Aim of the exercise
No pictures, nothing altered: return the data below.

Supplied material
= = = = = = =
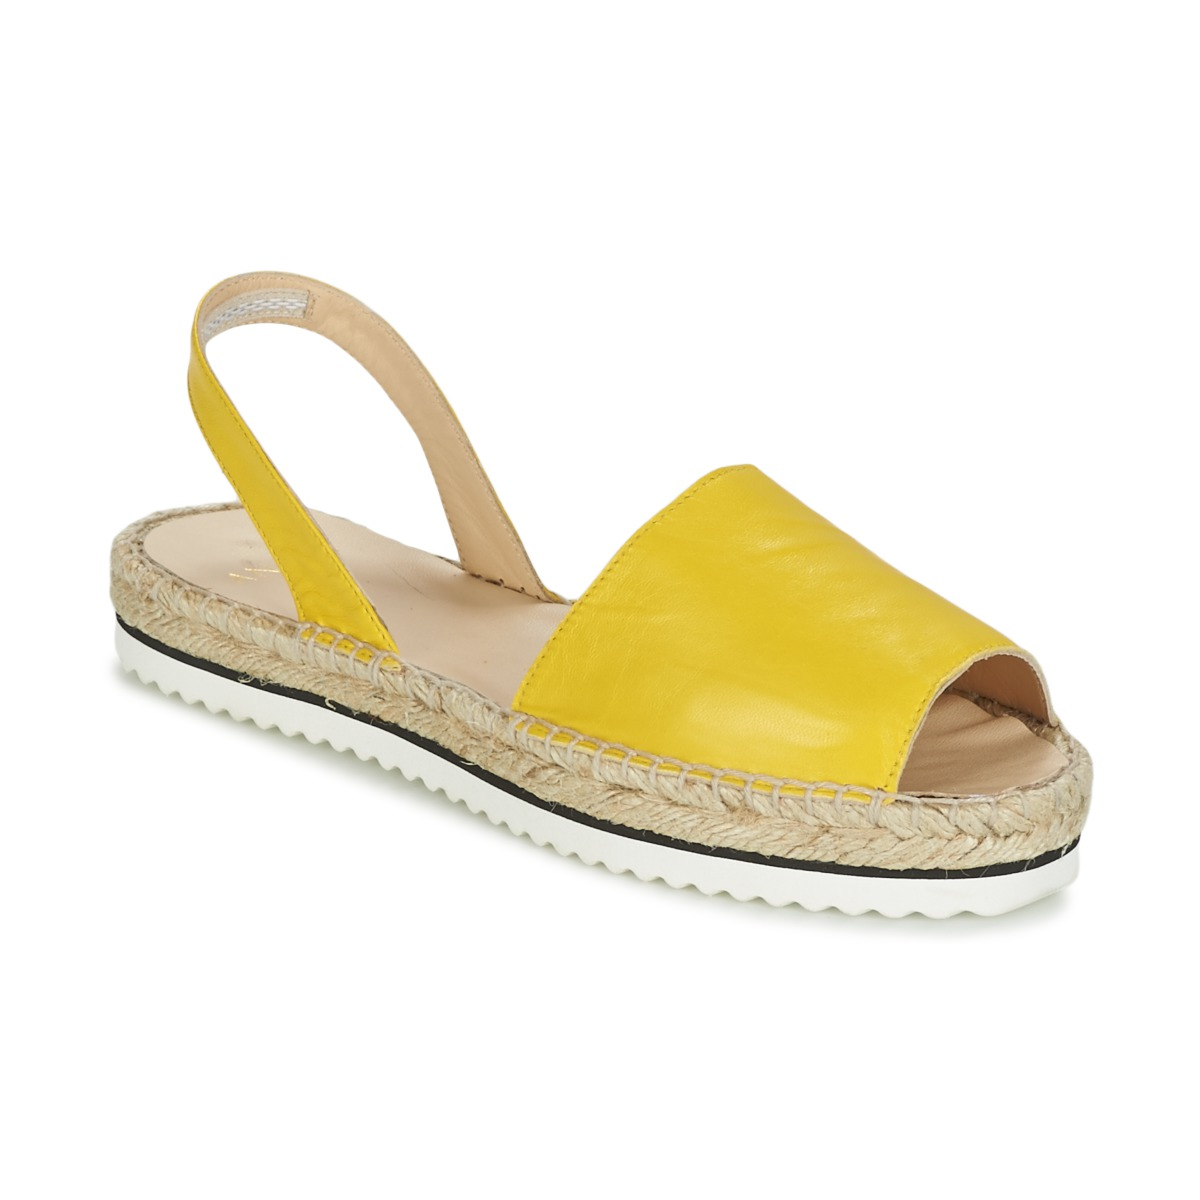 Sandale Anaki TEQUILAI Jaune
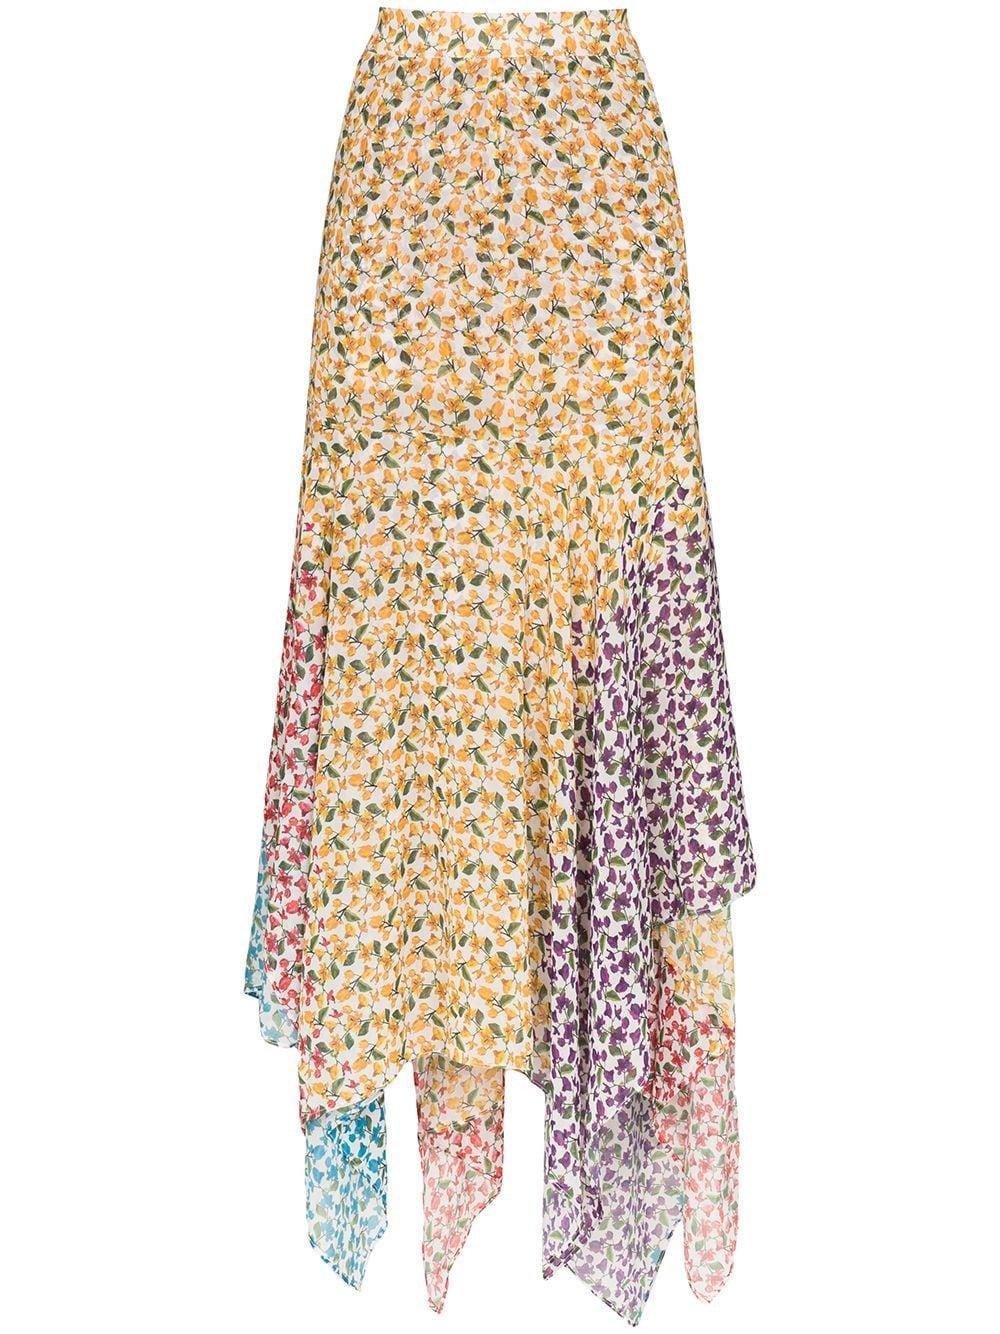 All Things Mochi Elisa asymmetric floral print skirt
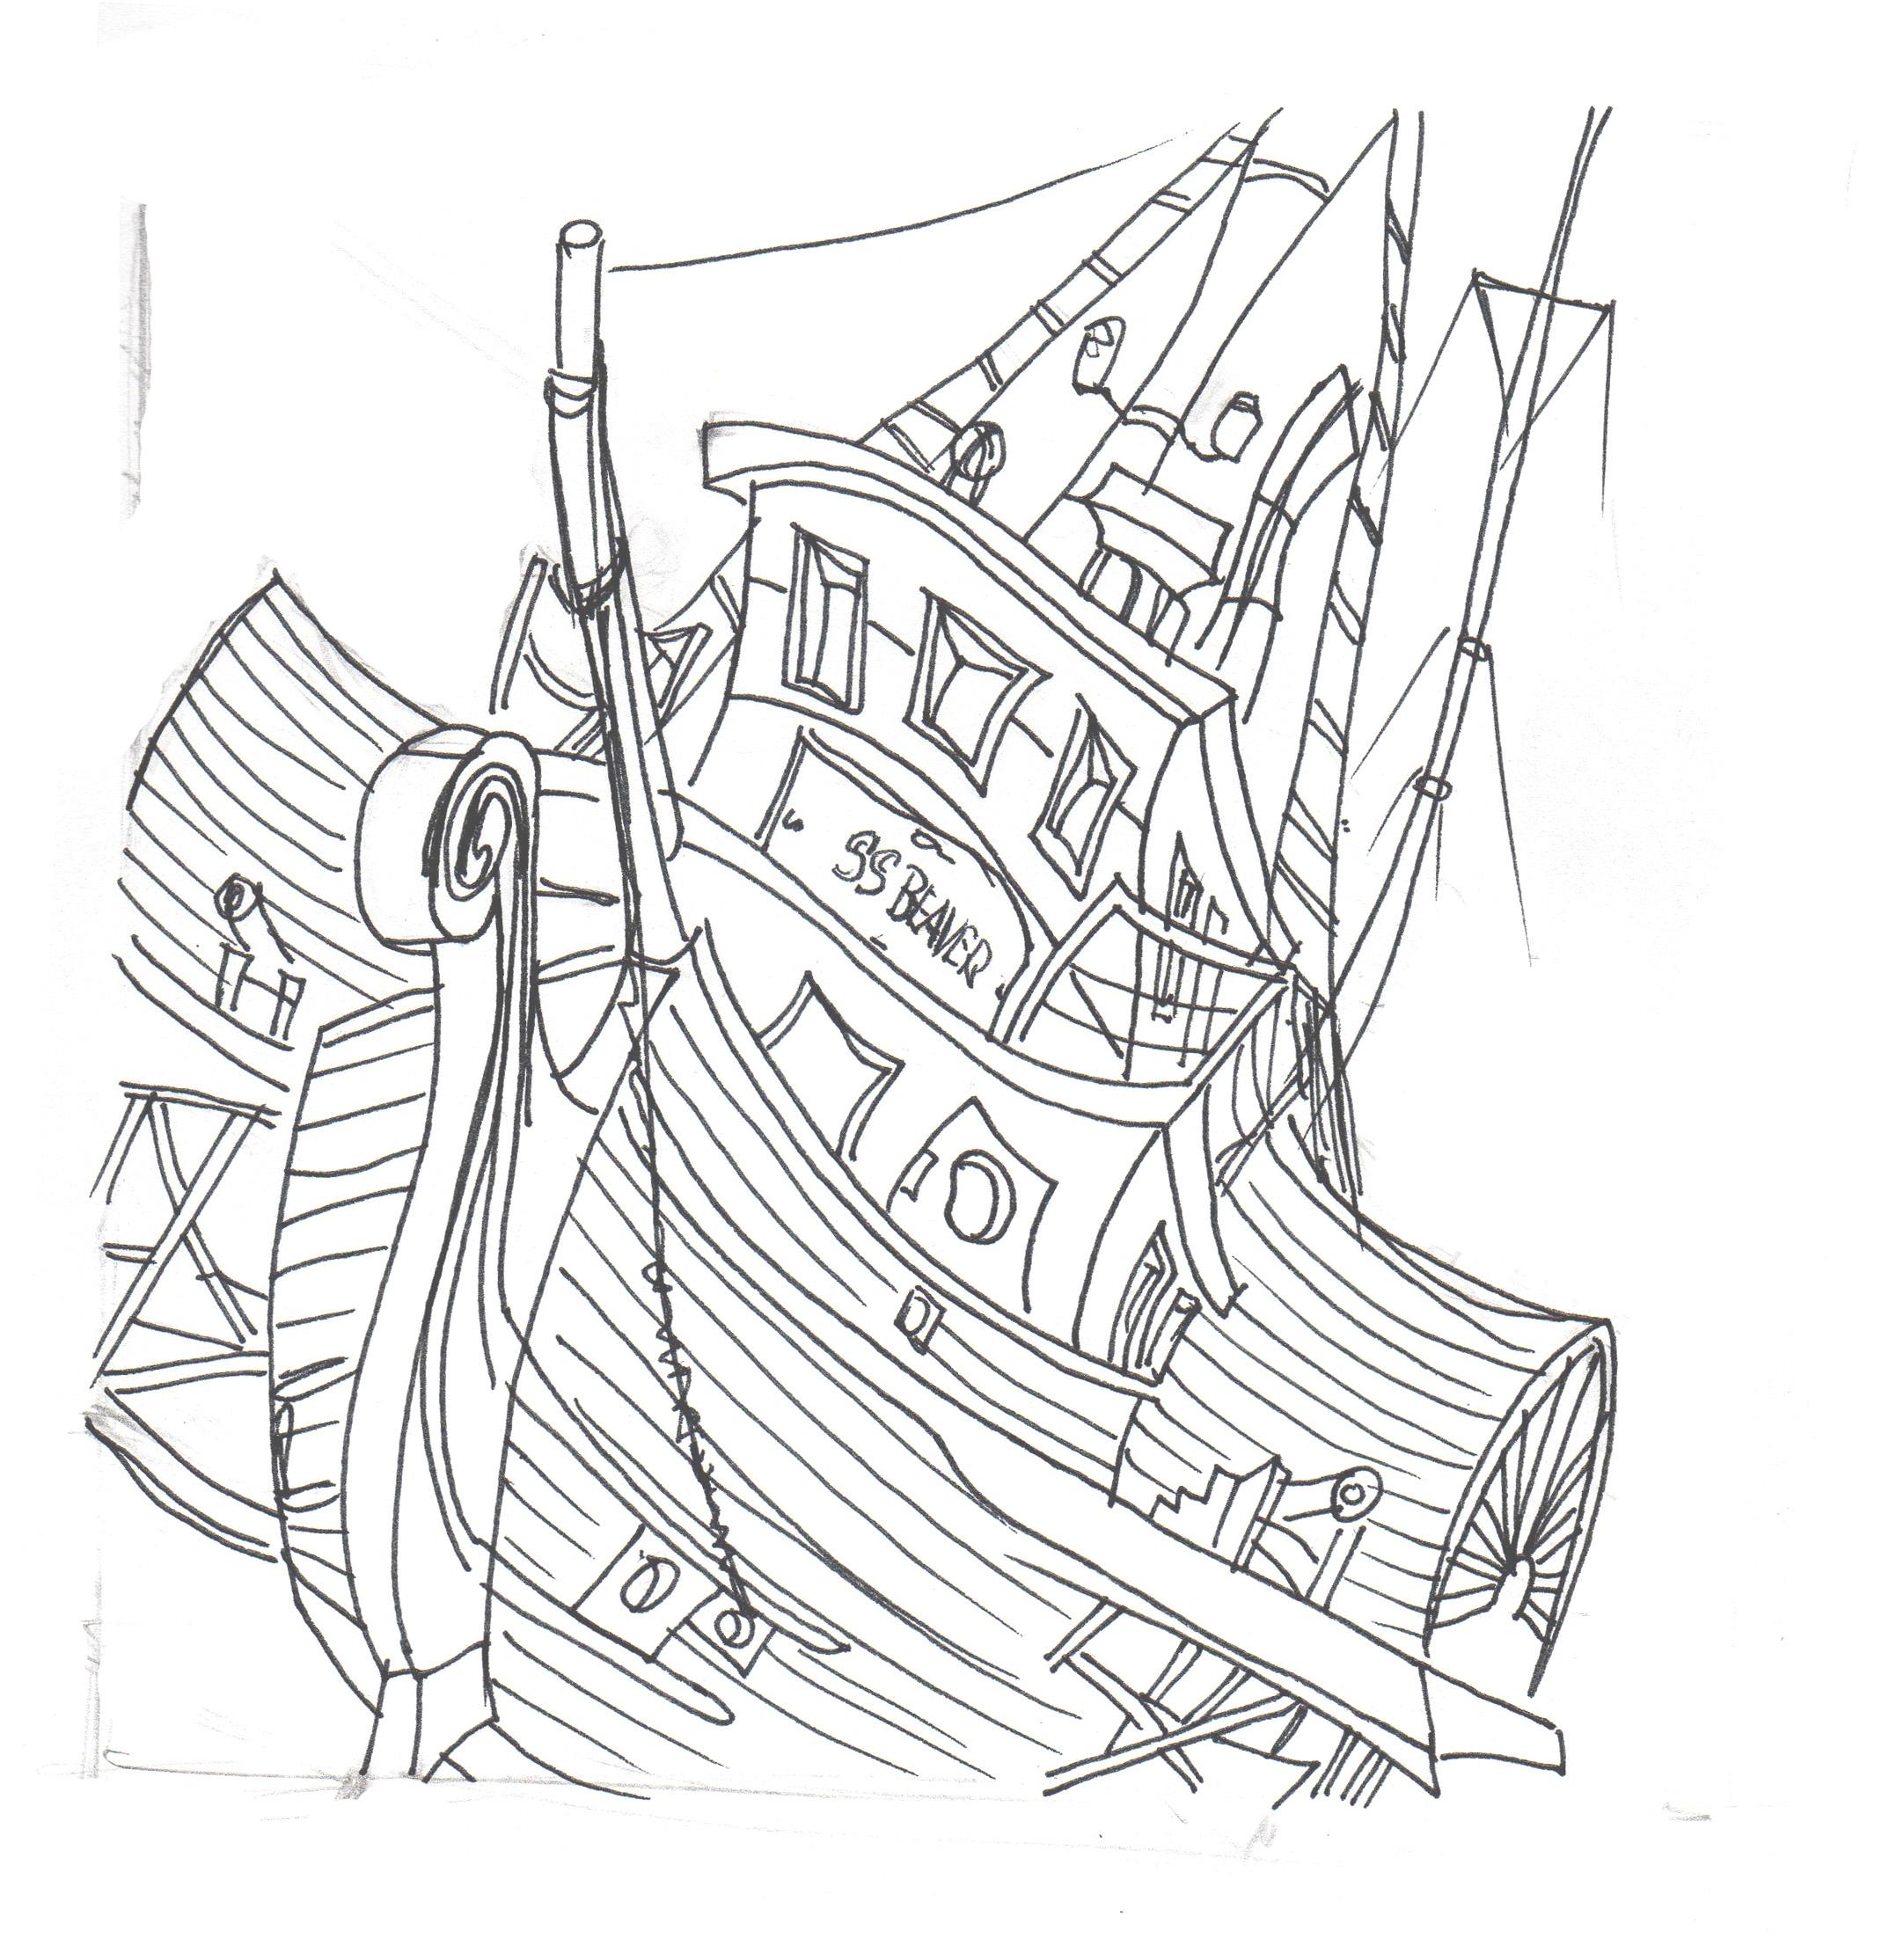 Sketch of the SS Beaver, copyright 2009 Martin Machacek
= = = = = = =
Response to the task
 Sandale Anaki TEQUILAI Jaune
 All Things Mochi Elisa asymmetric floral print skirt
 Sketch of the SS Beaver, copyright 2009 Martin Machacek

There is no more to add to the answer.